# Ever tried Trader Joe's wet food?



## OctoberinMaine (Sep 12, 2006)

I've been trying to get Murphy to eat wet food at least as a supplement to his dry. I've bought at least 6-7 different brands, all good stuff, and he just sniffs it and walks away. The one brand he'll eat (even though he did throw it up afterwards) was the Trader Joe's cat food. We tried it again last night, and he ate half a can and didn't throw it up! Yay, we have progress.

I figure Trader Joe's wet cat food must just be some other brand that they stick a Trader Joe's label on. Is there any way of knowing what brand it is? Trader Joe's isn't very convenient to get to, so I'm trying to avoid having to make special trips there just for his food.


----------



## doodlebug (May 13, 2006)

Trader Joe's food is supposed to be pretty good, although I've never found the ingredients online. Can you post them? 

Any wet food is better than an all dry diet, so if that's the only wet food he'll eat, then go for it. If it's a 5.5 oz can, half is quite a bit for a cat that's not used to eating wet, that may be why he throws up. I'd back it up to 1/4, then another quarter a couple hours later and then gradually work up over the course of a week or two. 

No idea if Trader Joe's is just another brand with their name...but if he likes it, buy a couple cases so you don't have to go back too often. My cat food store is only about 4 miles away, but I can only get there on Sat because of their hours, so I buy enough for 6 weeks at a time. Just save the receipt in case he changes his mind.


----------



## OctoberinMaine (Sep 12, 2006)

Thanks, Lisa. I've been looking around for a list of ingredients on the Internet, and only found this video:

http://www.associatedcontent.com/video/ ... html?cat=2

I do know that a friend at work who is a pet sitter and former vet tech thought its ingredients were very good.
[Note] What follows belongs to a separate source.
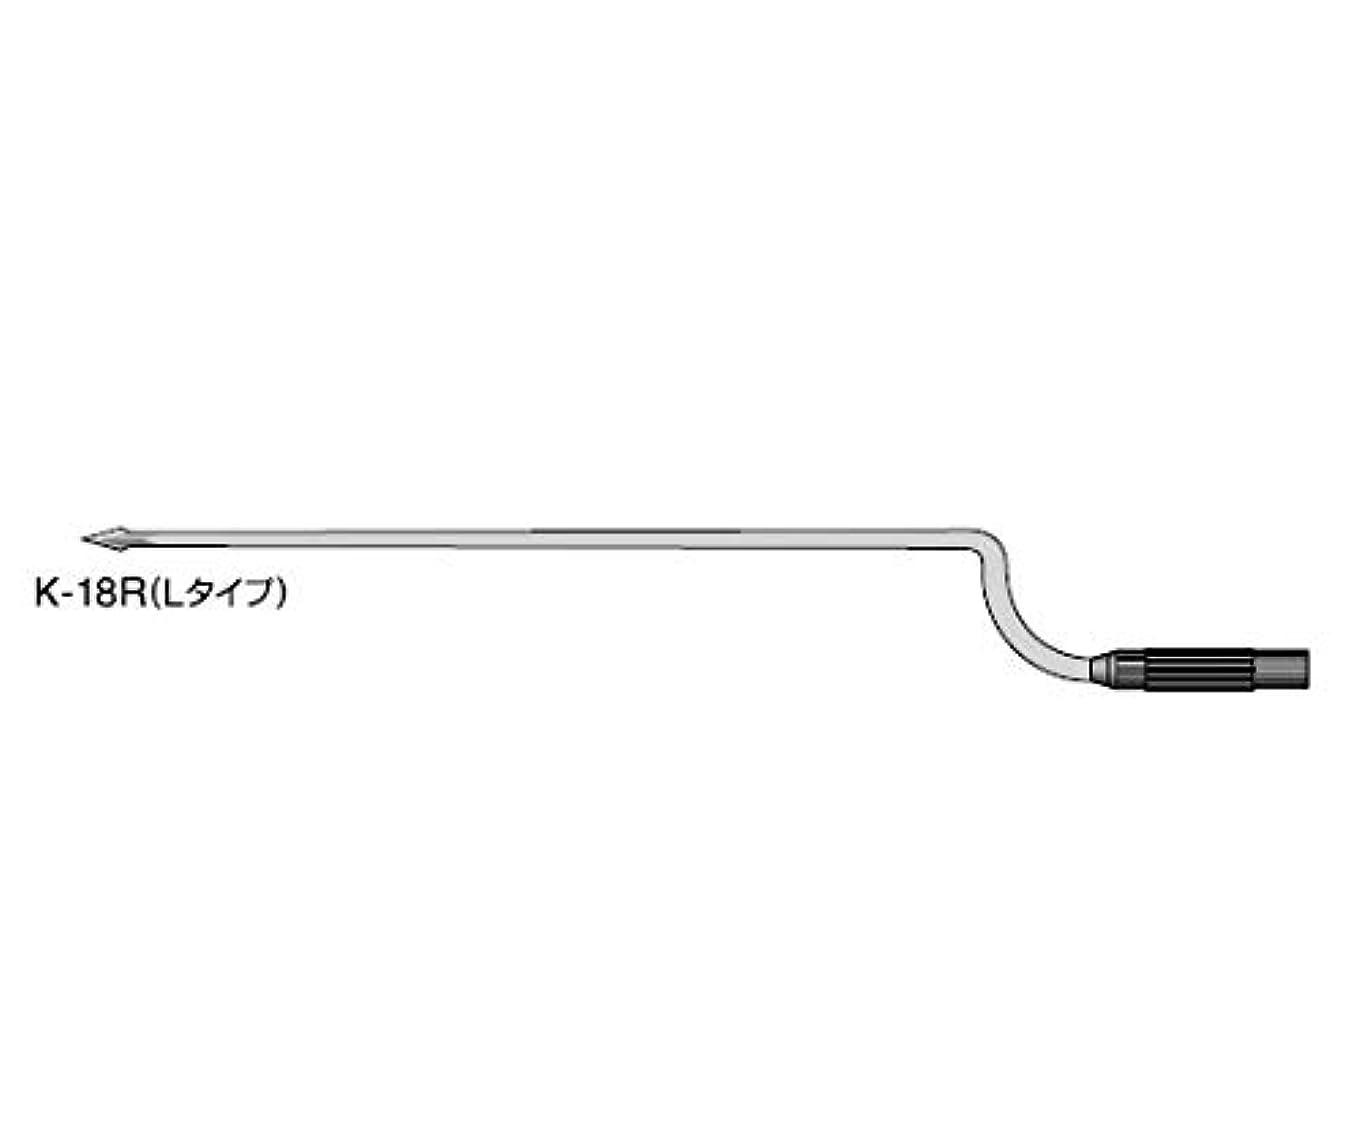 摩擦覚醒白鳥鼓膜切開刀 替刃[フェザー] Lタイプ 5本入 K-18R

And it's only 59 cents a can! Between being cheap, good, and the only one Murphy will eat, I think we have a winner.  

Thanks for the tip on the amount.  The time he threw up he had eaten almost a full big can, so that was apparently too much. Last night he ate half a can and kept it down, so I'm encouraged. (Famous last words, as I find a humongous pile of throw-up somewhere I haven't looked yet.)


----------



## Bethany (Jul 19, 2006)

I feed it at times in the mix with Wellness and Natural Balance. Gives the ladies a change and my wallet a bit of a break. 

I don't have a can handy but my impression of the ingredients is that it's maybe a little better than IAMs ingredients-wise. So it's not super-premium food, but it's not bad and you can't beat it for the price.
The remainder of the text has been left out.